━━ DATA SECTION
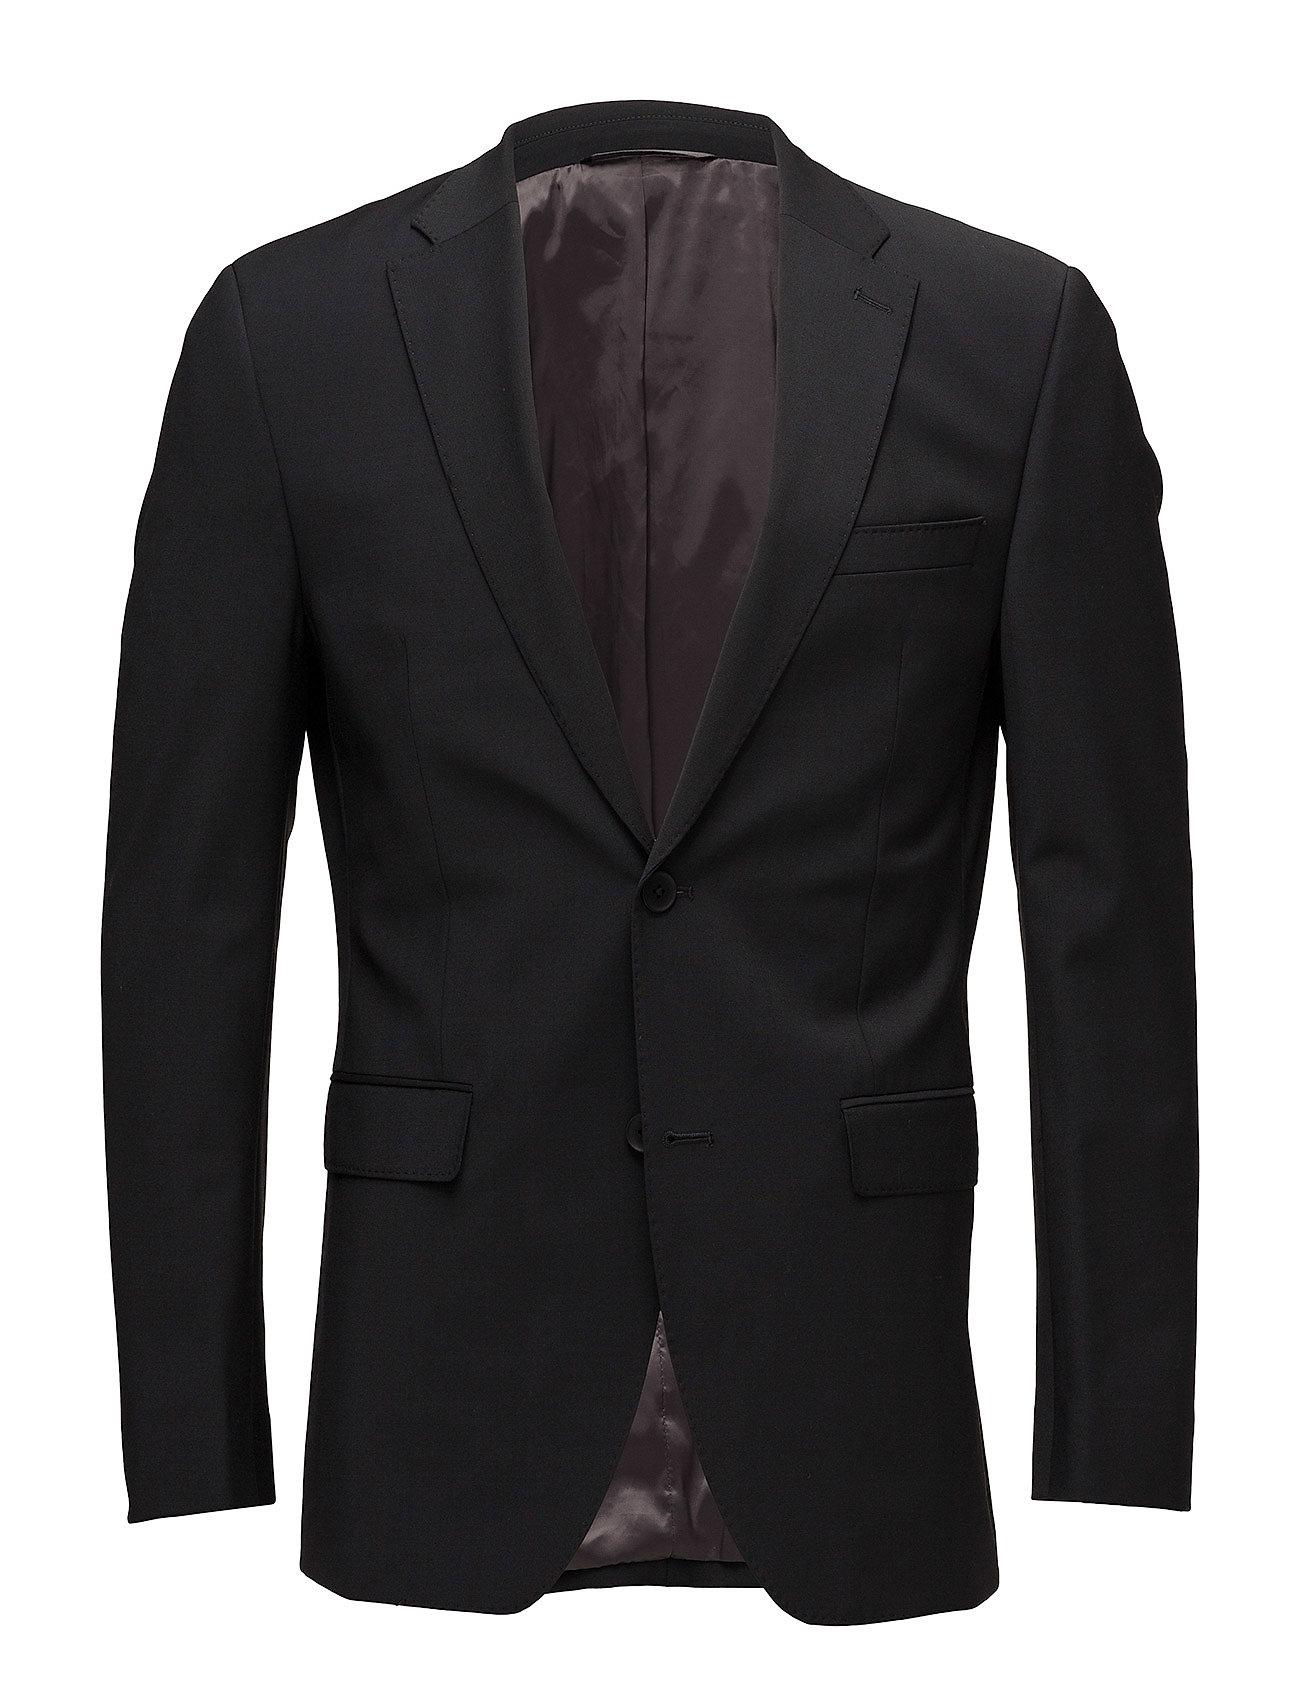 ESPRIT Blazers Suit Blazer Jackett Schwarz ESPRIT COLLECTION
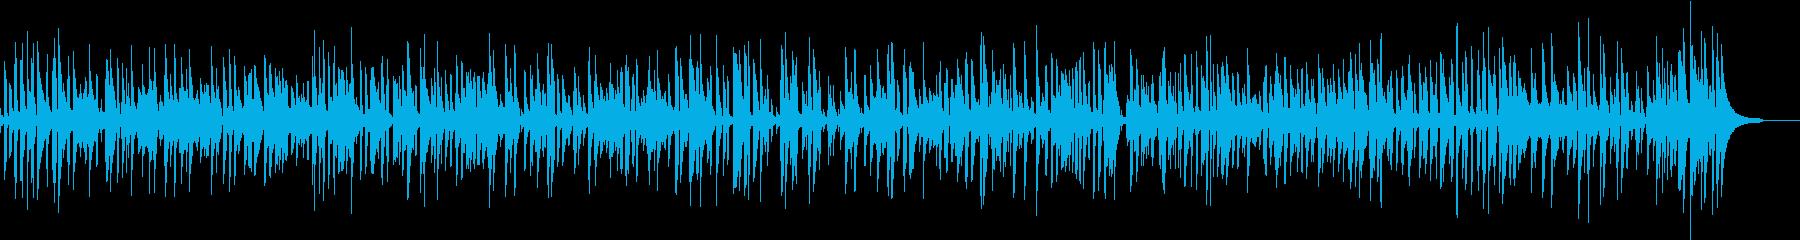 ジャズバーで流れるおしゃれなピアノジャズの再生済みの波形
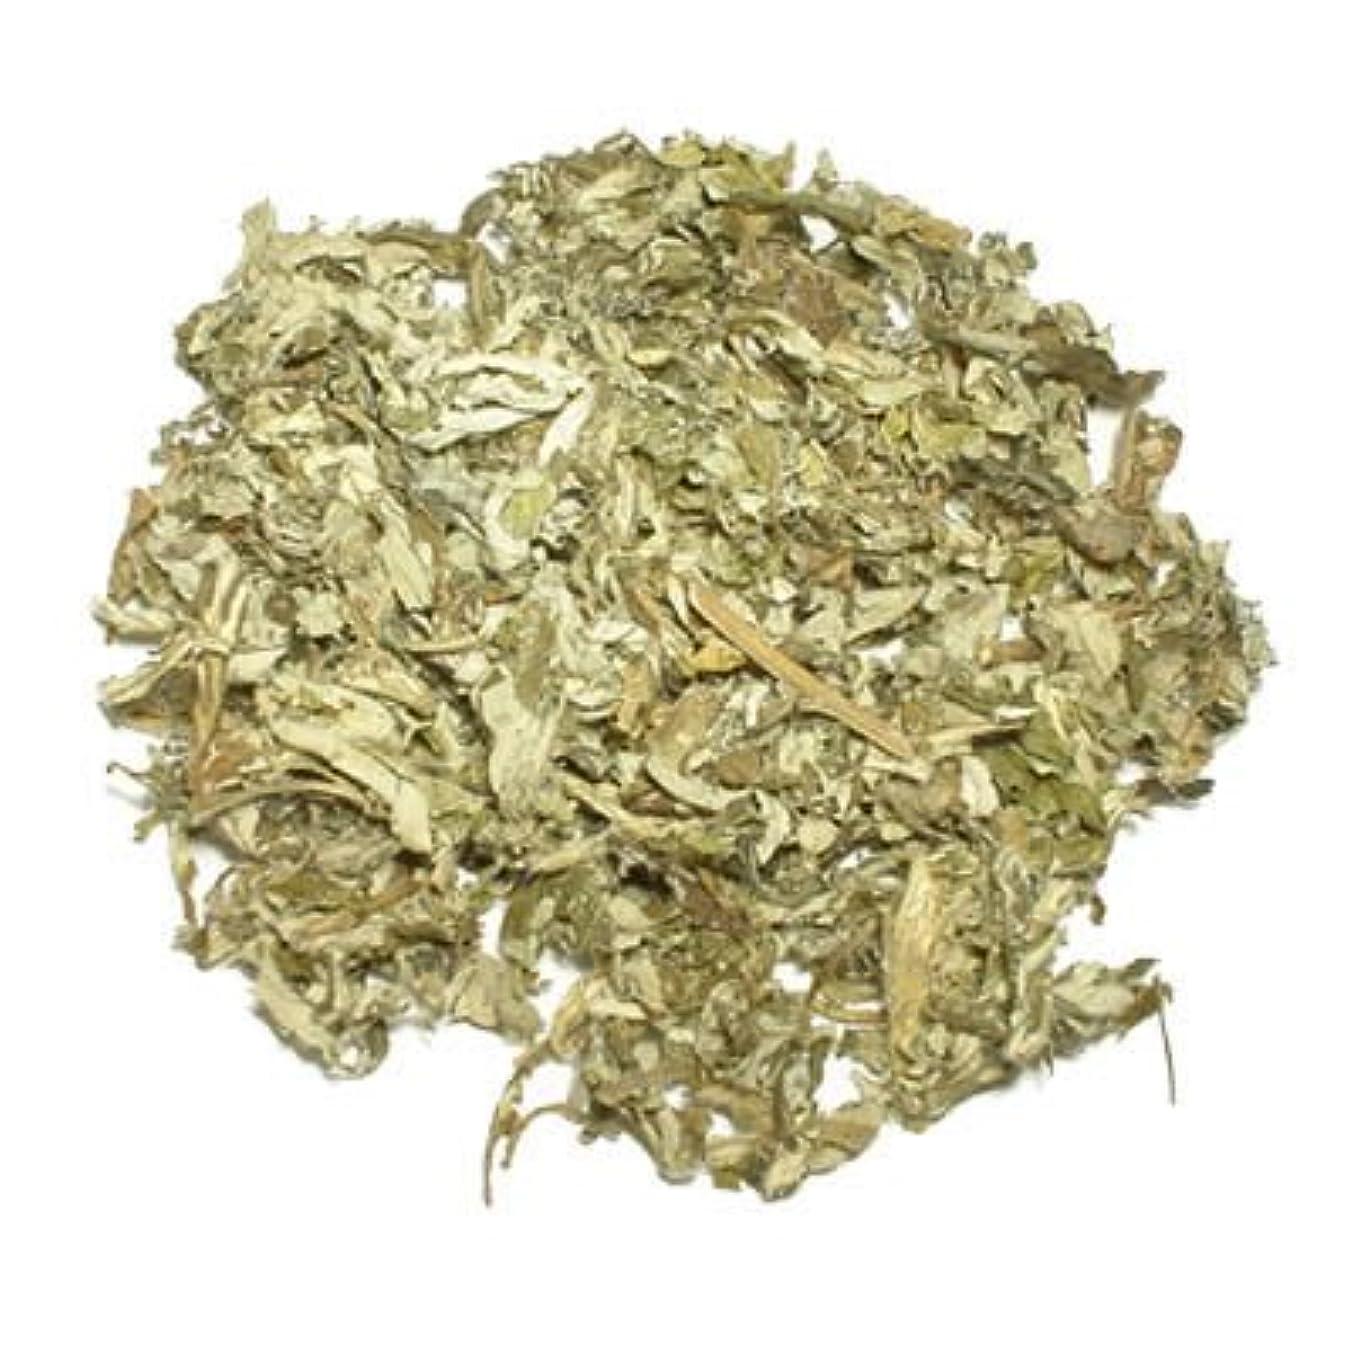 同等の規範車ヨモギ業務用 500g 蓬茶 本場韓国産ヨモギ 葉(地上部 主に葉)100% 乾燥よもぎ茶 よもぎ風呂 ヨモギ蒸し
━━━━
**WORK REQUEST**:
In your copy, restate the data above word for word but leave out any picture.

**WRITTEN SOLUTION**:
 ESPRIT Blazers Suit Blazer Jackett Schwarz ESPRIT COLLECTION
 ジャズバーで流れるおしゃれなピアノジャズの再生済みの波形
 同等の規範車ヨモギ業務用 500g 蓬茶 本場韓国産ヨモギ 葉(地上部 主に葉)100% 乾燥よもぎ茶 よもぎ風呂 ヨモギ蒸し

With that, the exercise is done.